By 2008, Sterger had taken a job with the New York Jets as a gameday host, and that’s where her arc intersected that of Favre, who’d left Green Bay for the New Jersey Meadowlands. Favre took an immediate interest in Sterger, one that quickly turned to harassment, including sending the 25-year-old Sterger unsolicited nude photos. The story was later broken wide (against Sterger’s wishes) by Deadspin, leading to the first of multiple image-tarnishing scandals for Favre–and for a personal and career hell for Sterger.
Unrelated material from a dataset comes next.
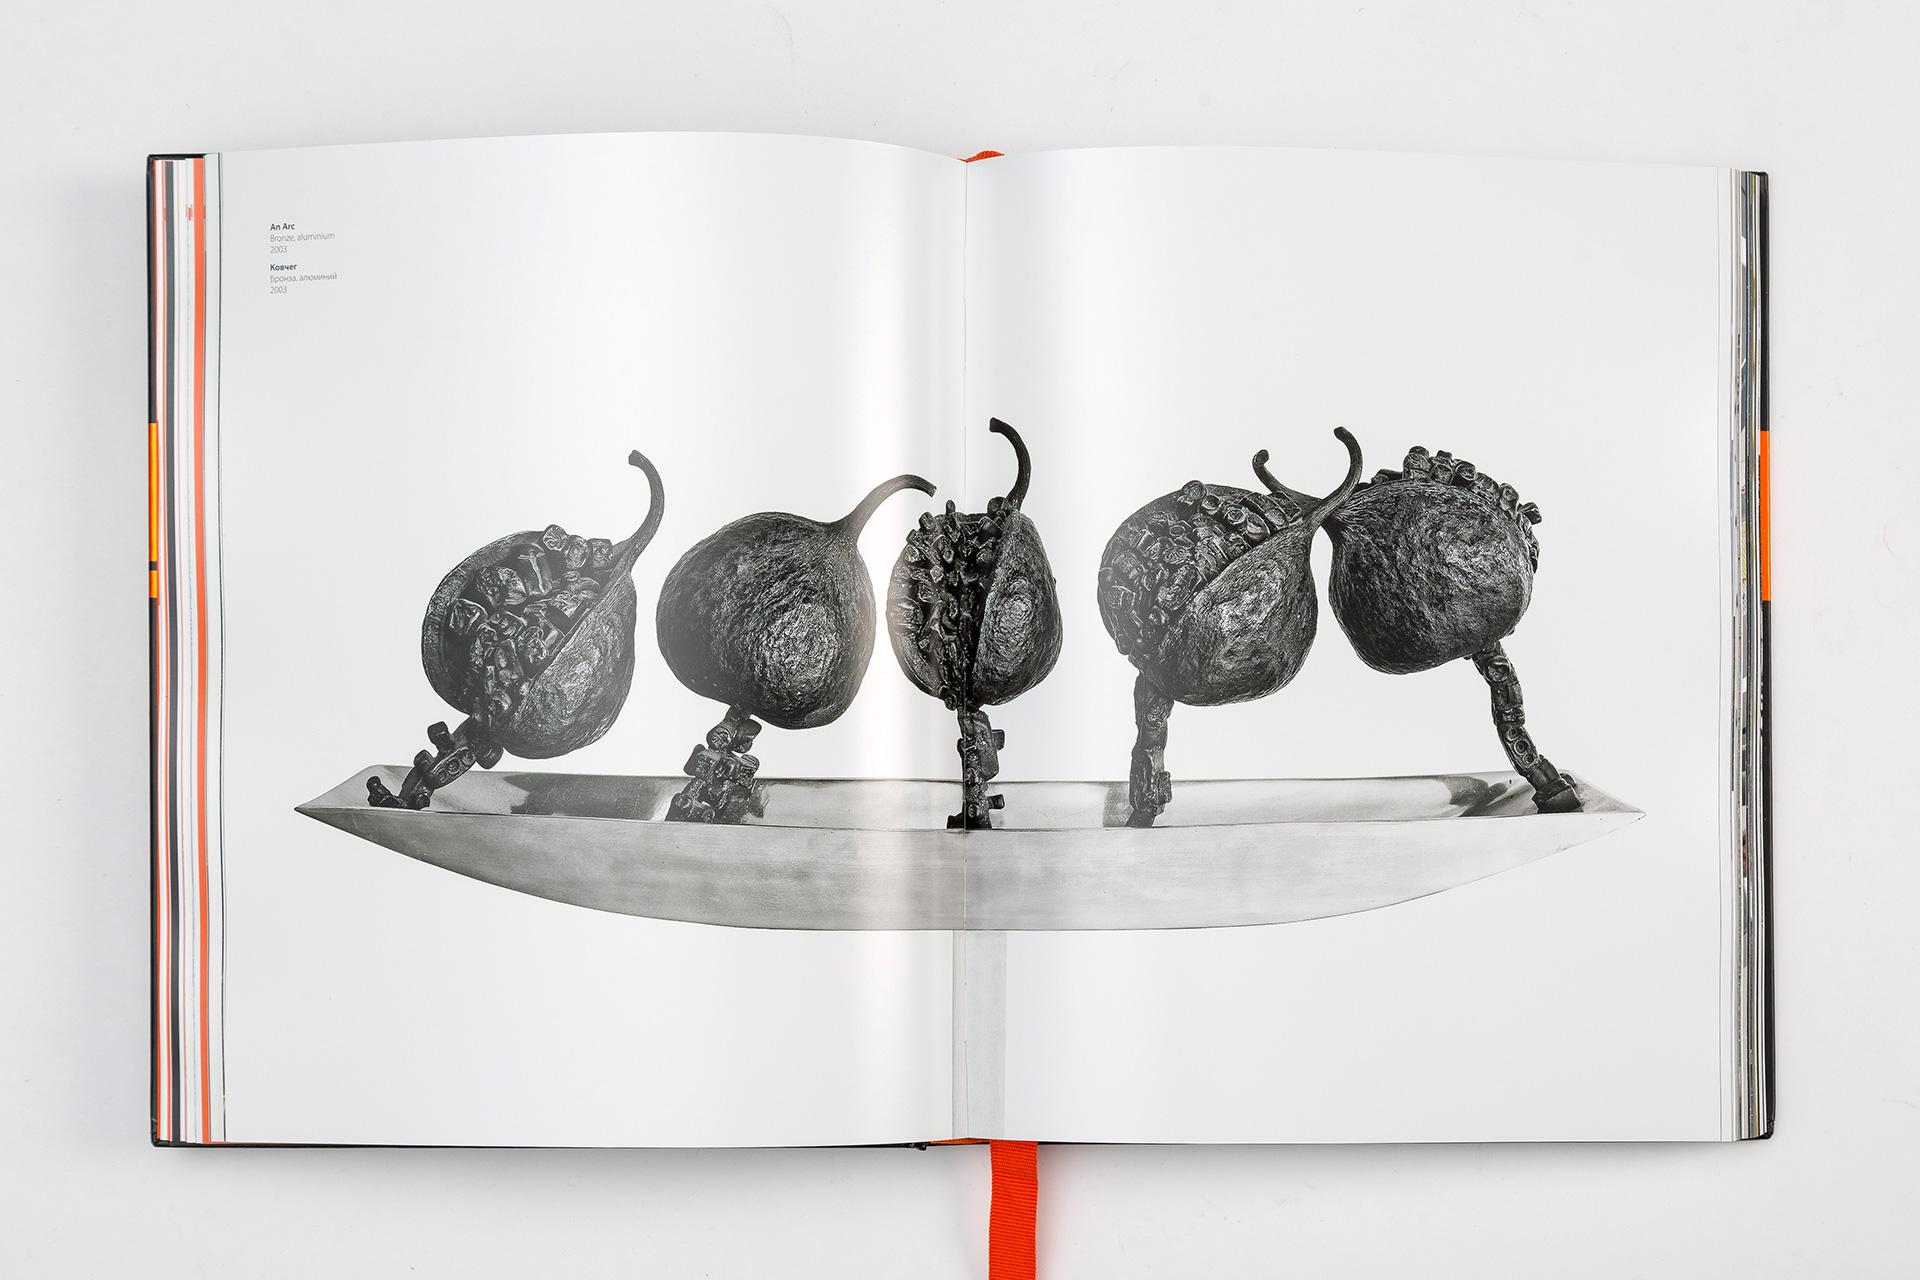 Asgard Branding, юбилейный альбом, дизайн разворота альбома, печатные издания, дизайн книги, Михаил Рева
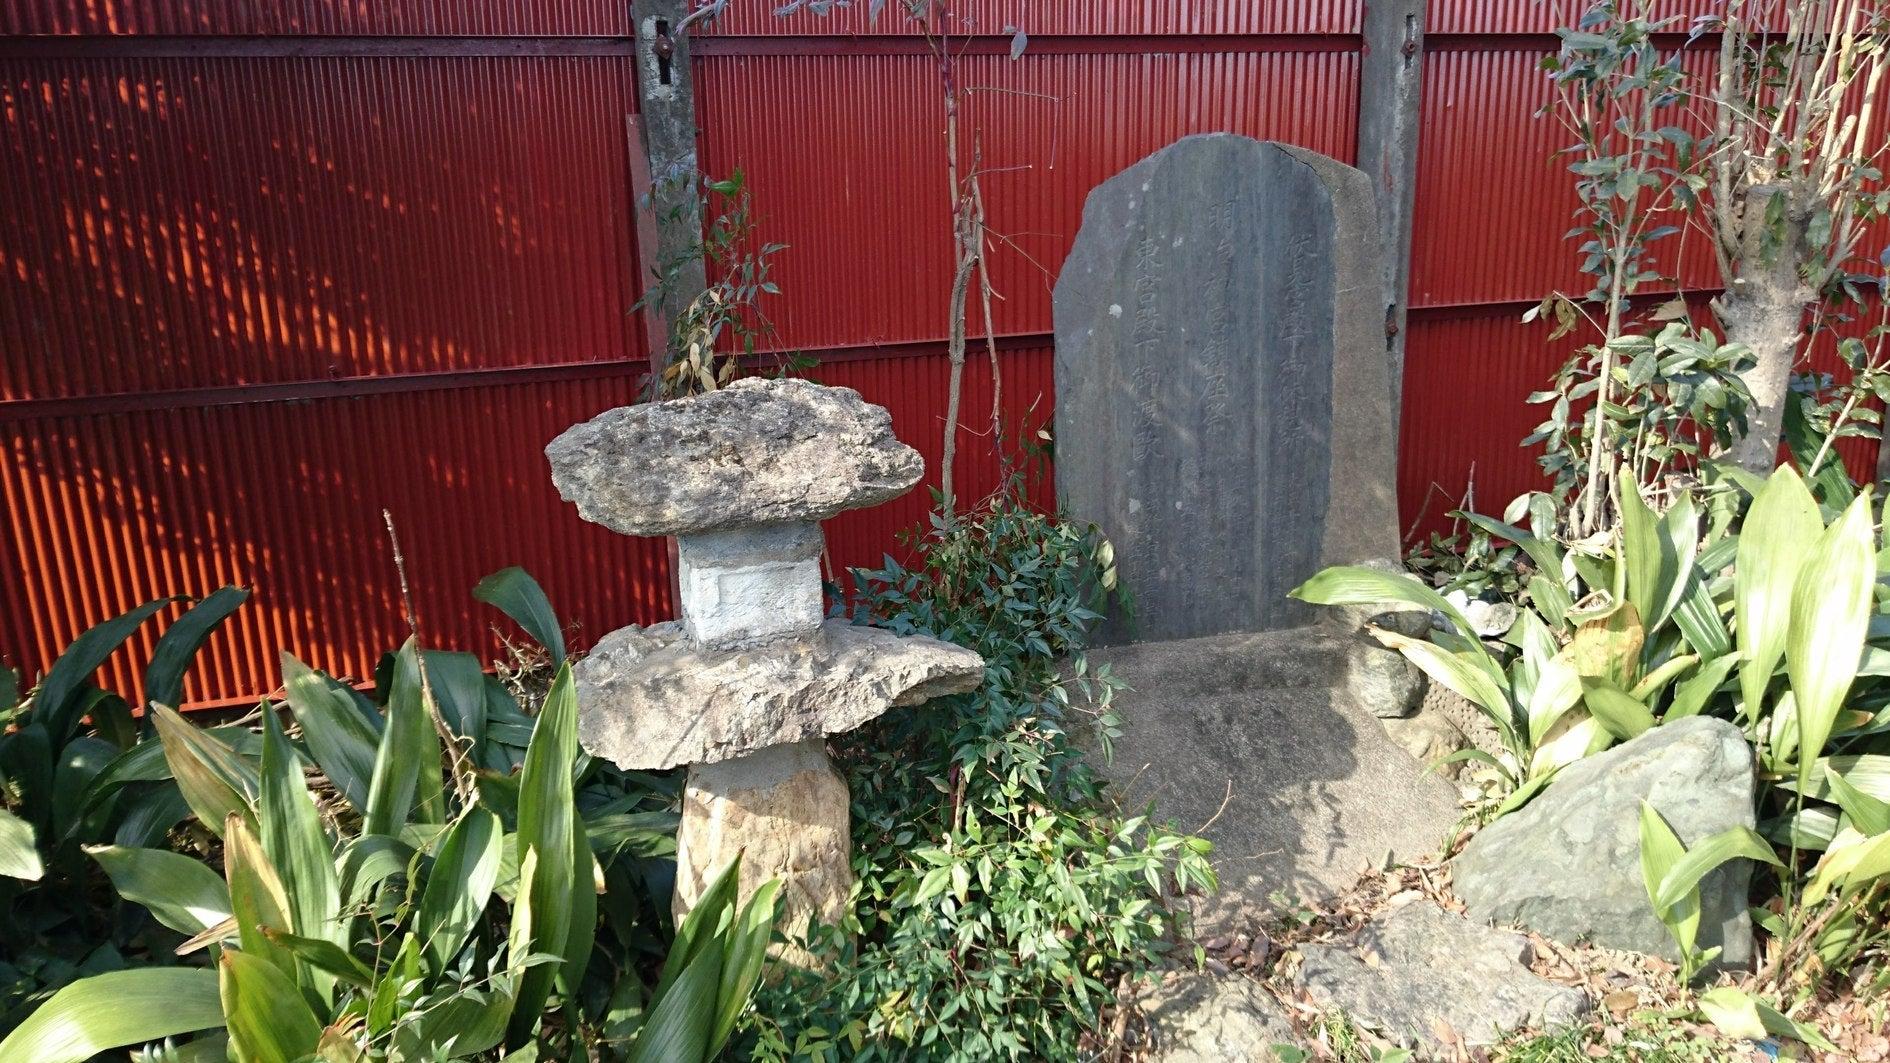 【築120年の古民家】火鉢のある、和みの空間で癒されてください のサムネイル

“It’s ironic that the site that was so paramount in creating me would ultimately be the site that destroyed my life,” Sterger recalls with apparent (and justifiable) bitterness. “My life was ruined, and he went to the Hall of Fame.”
If you think that’s all the fall in The Fall of Favre, though, just wait: there’s more!
The back third of the documentary gets into Favre’s alleged embezzlement of Mississippi welfare funds. By that time, though, you should already have a pretty well-formed image of the guy that Brett Favre really is.
Our Call: STREAM IT. You might be aware of the broad strokes of Brett Favre’s fall from grace, but The Fall of Favre puts it in sharp detail.